▼
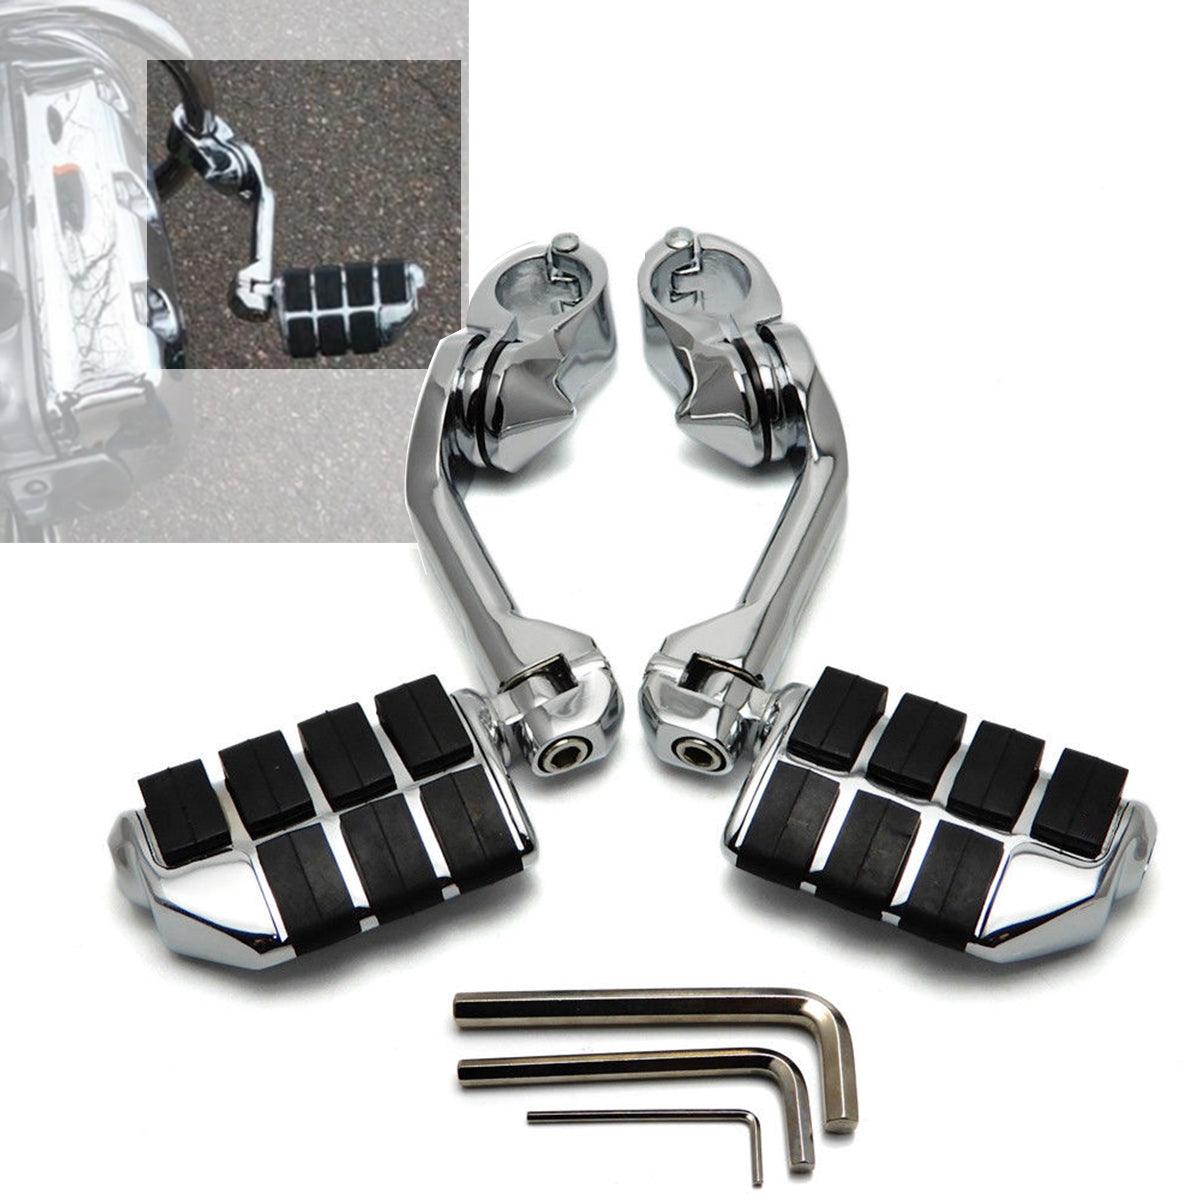 TCMT Long Highway Foot Pegs Fit For Harley 1-1/4
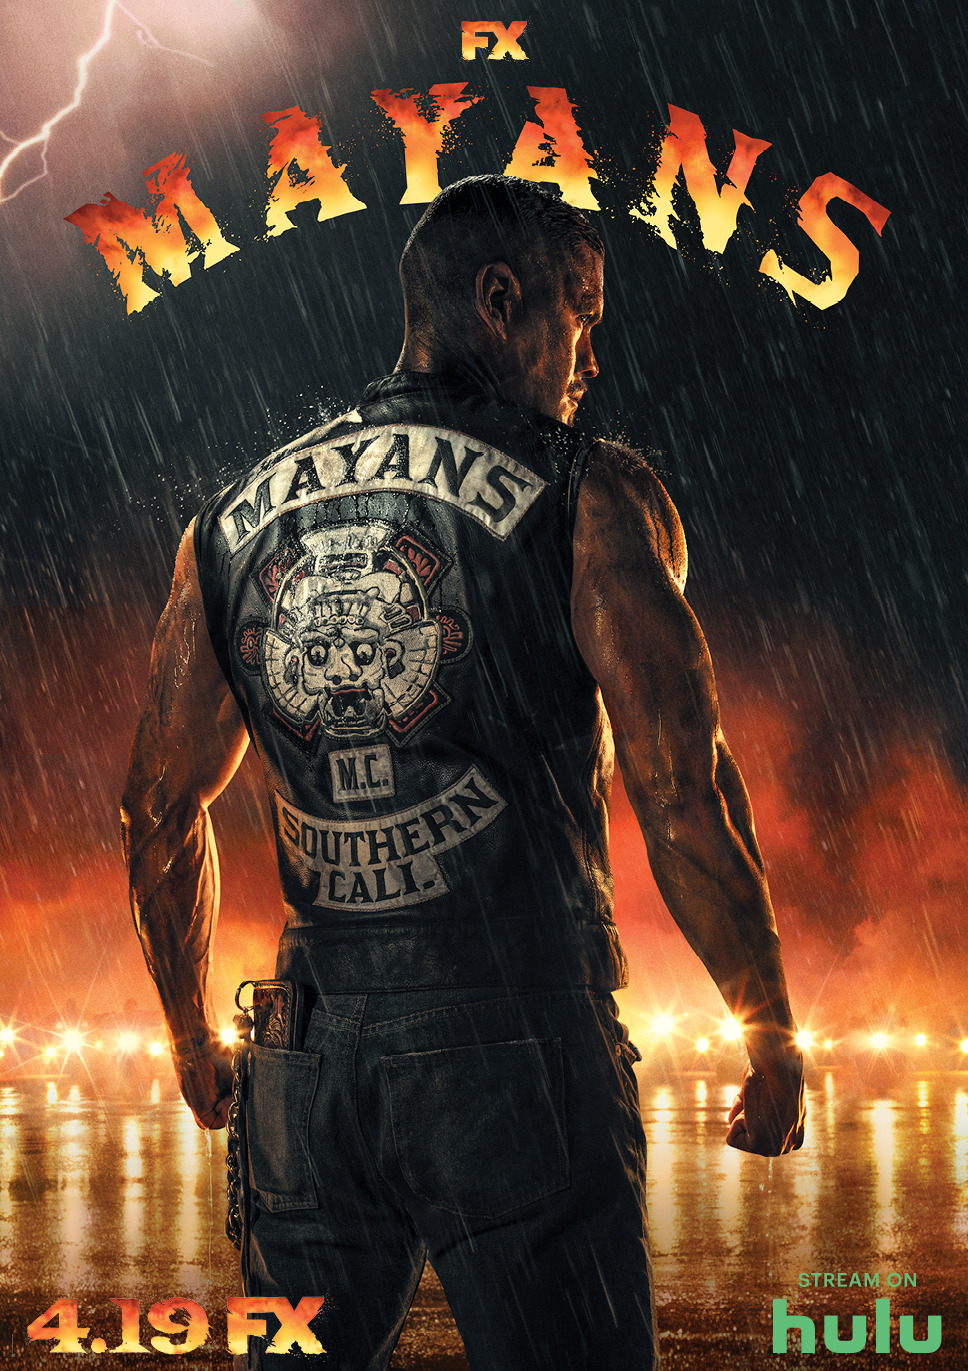 Extra Large TV Poster Image for Mayans M.C. (#13 of 19)
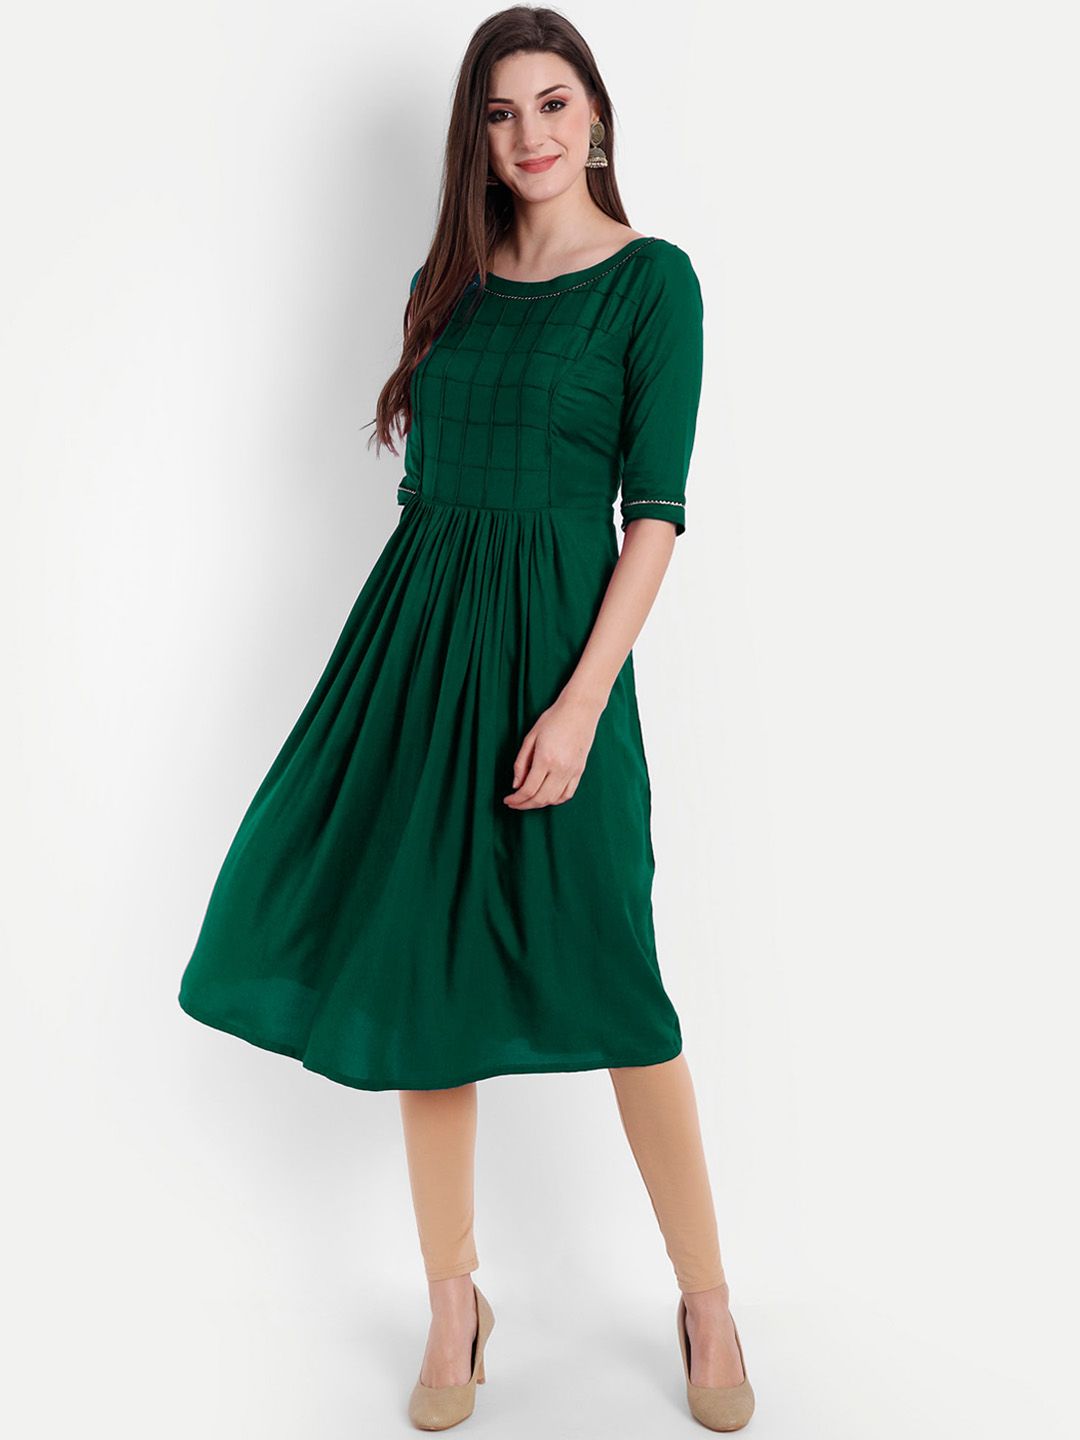 Globon Impex Green Pin-Tuck Ethnic Fit & Flare Dress Price in India
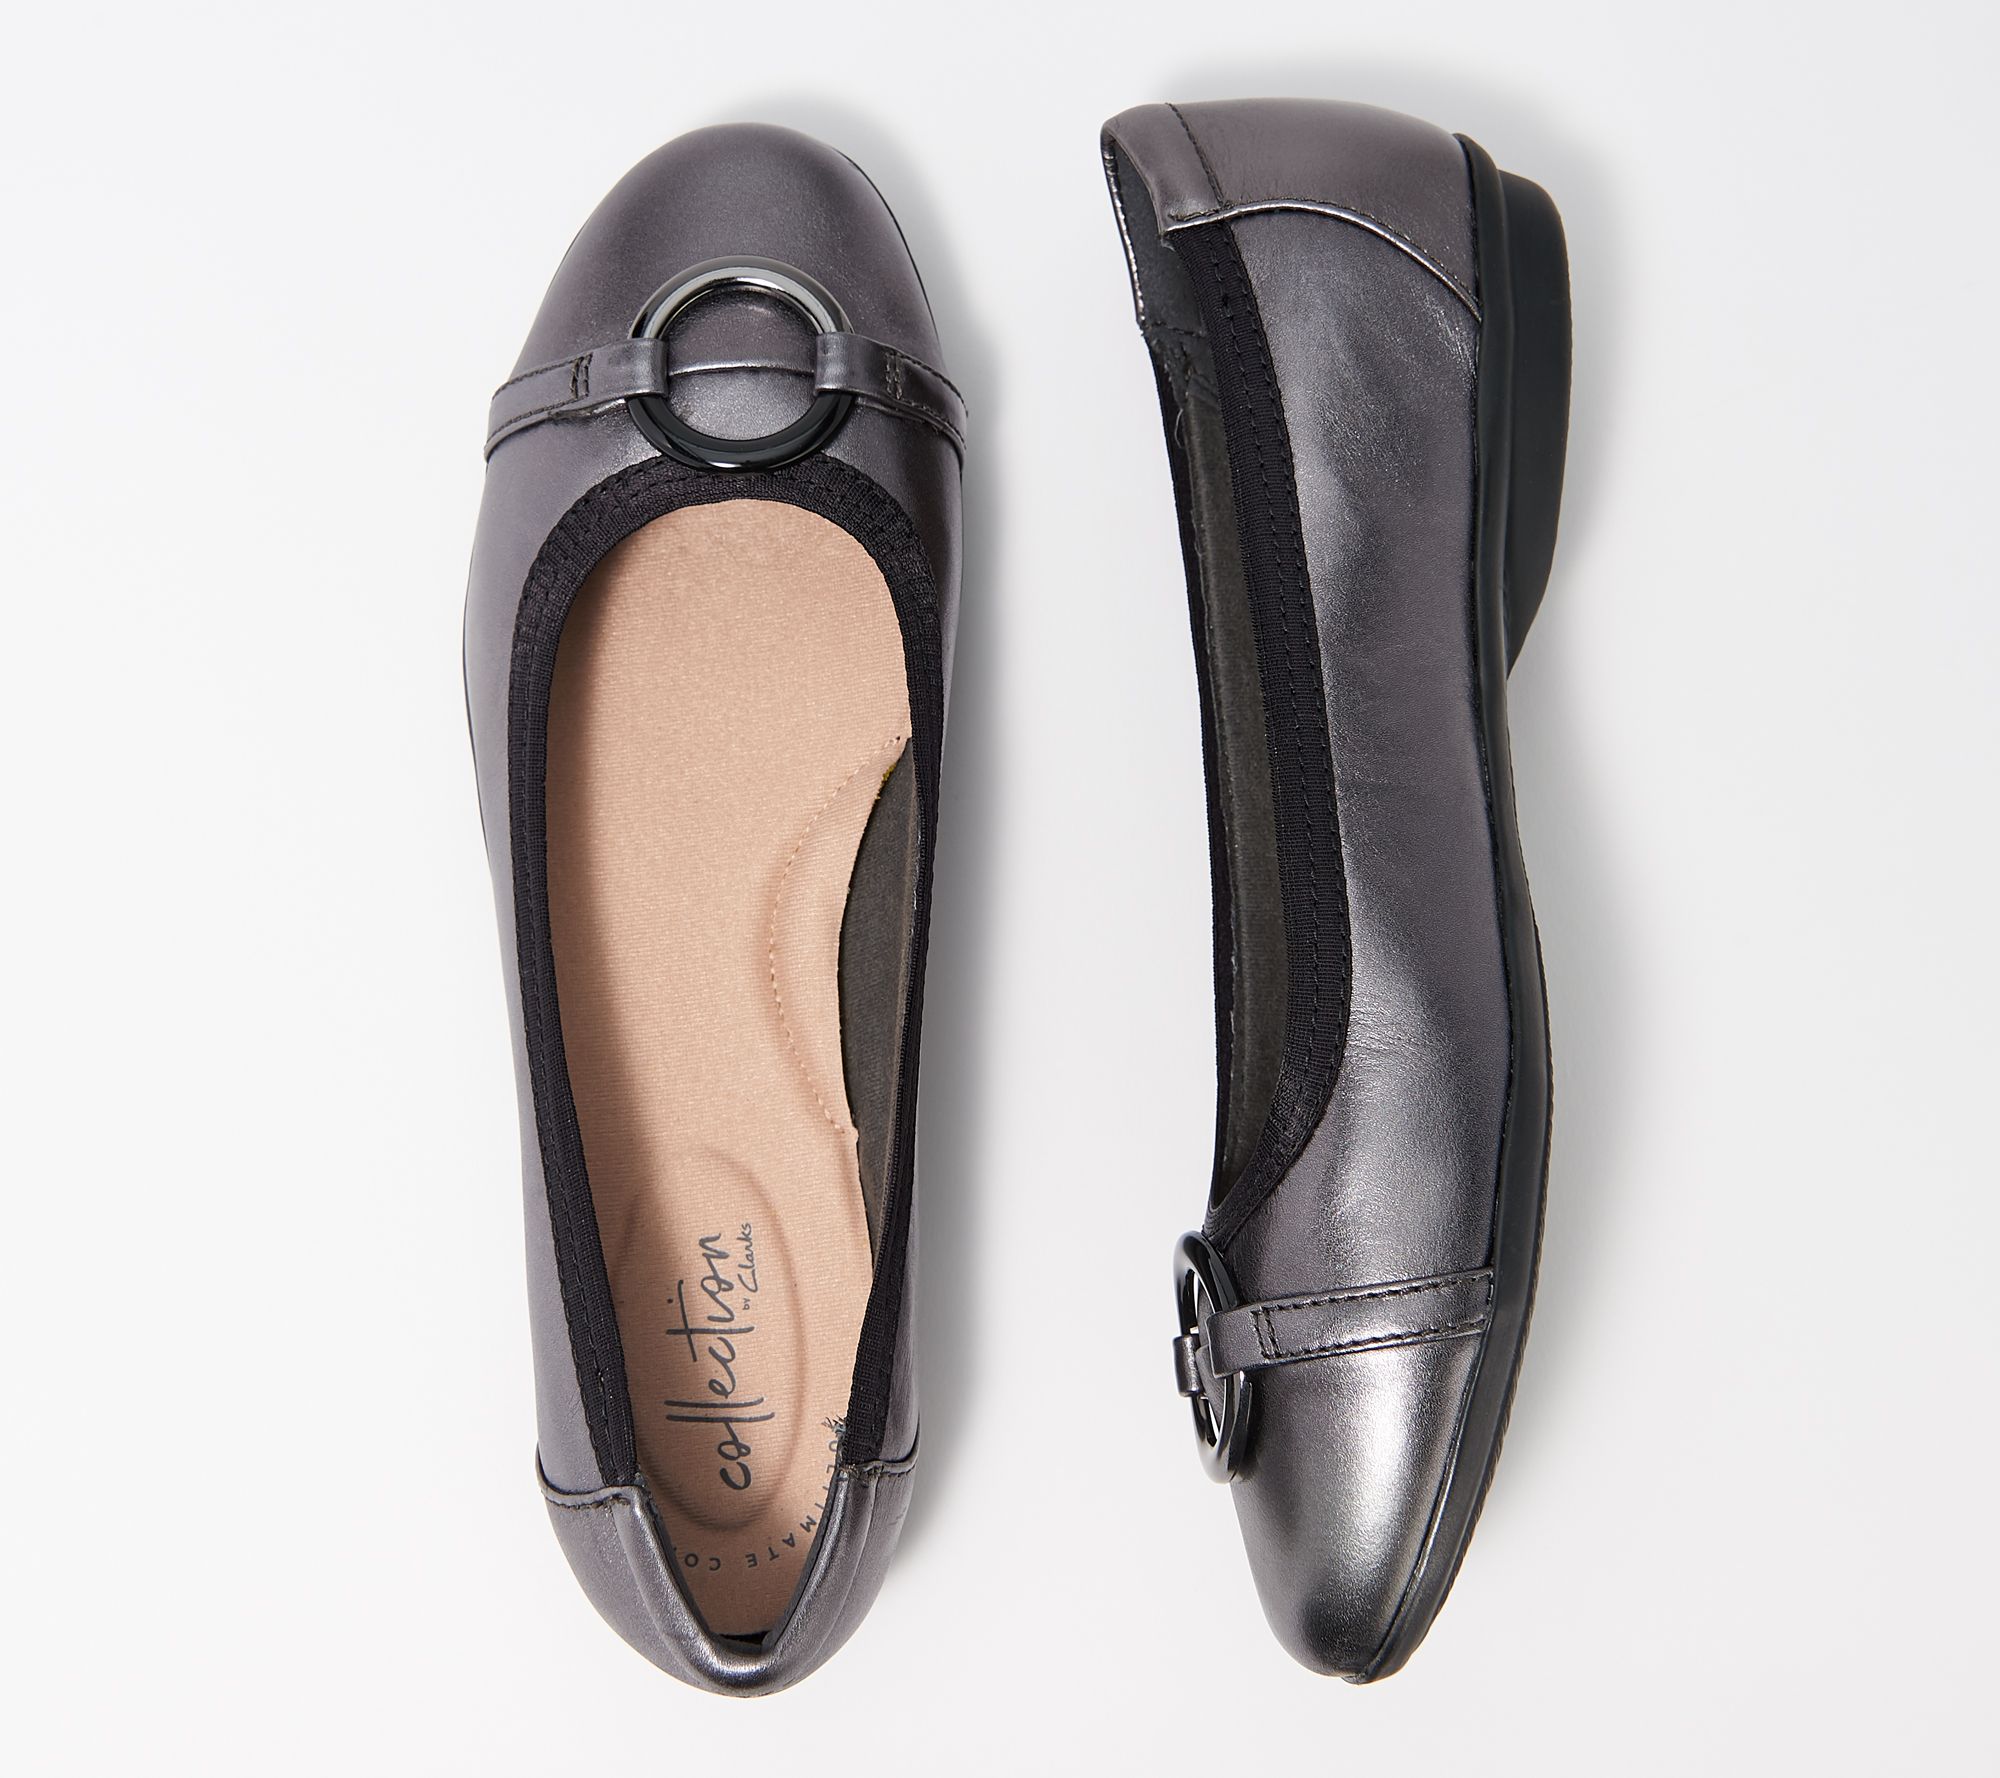 clarks silver flat shoes
▲
▶ Exercise instructions
Write out every line above exactly as it is, leaving out the pictures.

▶ Response box
 TCMT Long Highway Foot Pegs Fit For Harley 1-1/4
 Extra Large TV Poster Image for Mayans M.C. (#13 of 19)
 Globon Impex Green Pin-Tuck Ethnic Fit & Flare Dress Price in India
 clarks silver flat shoes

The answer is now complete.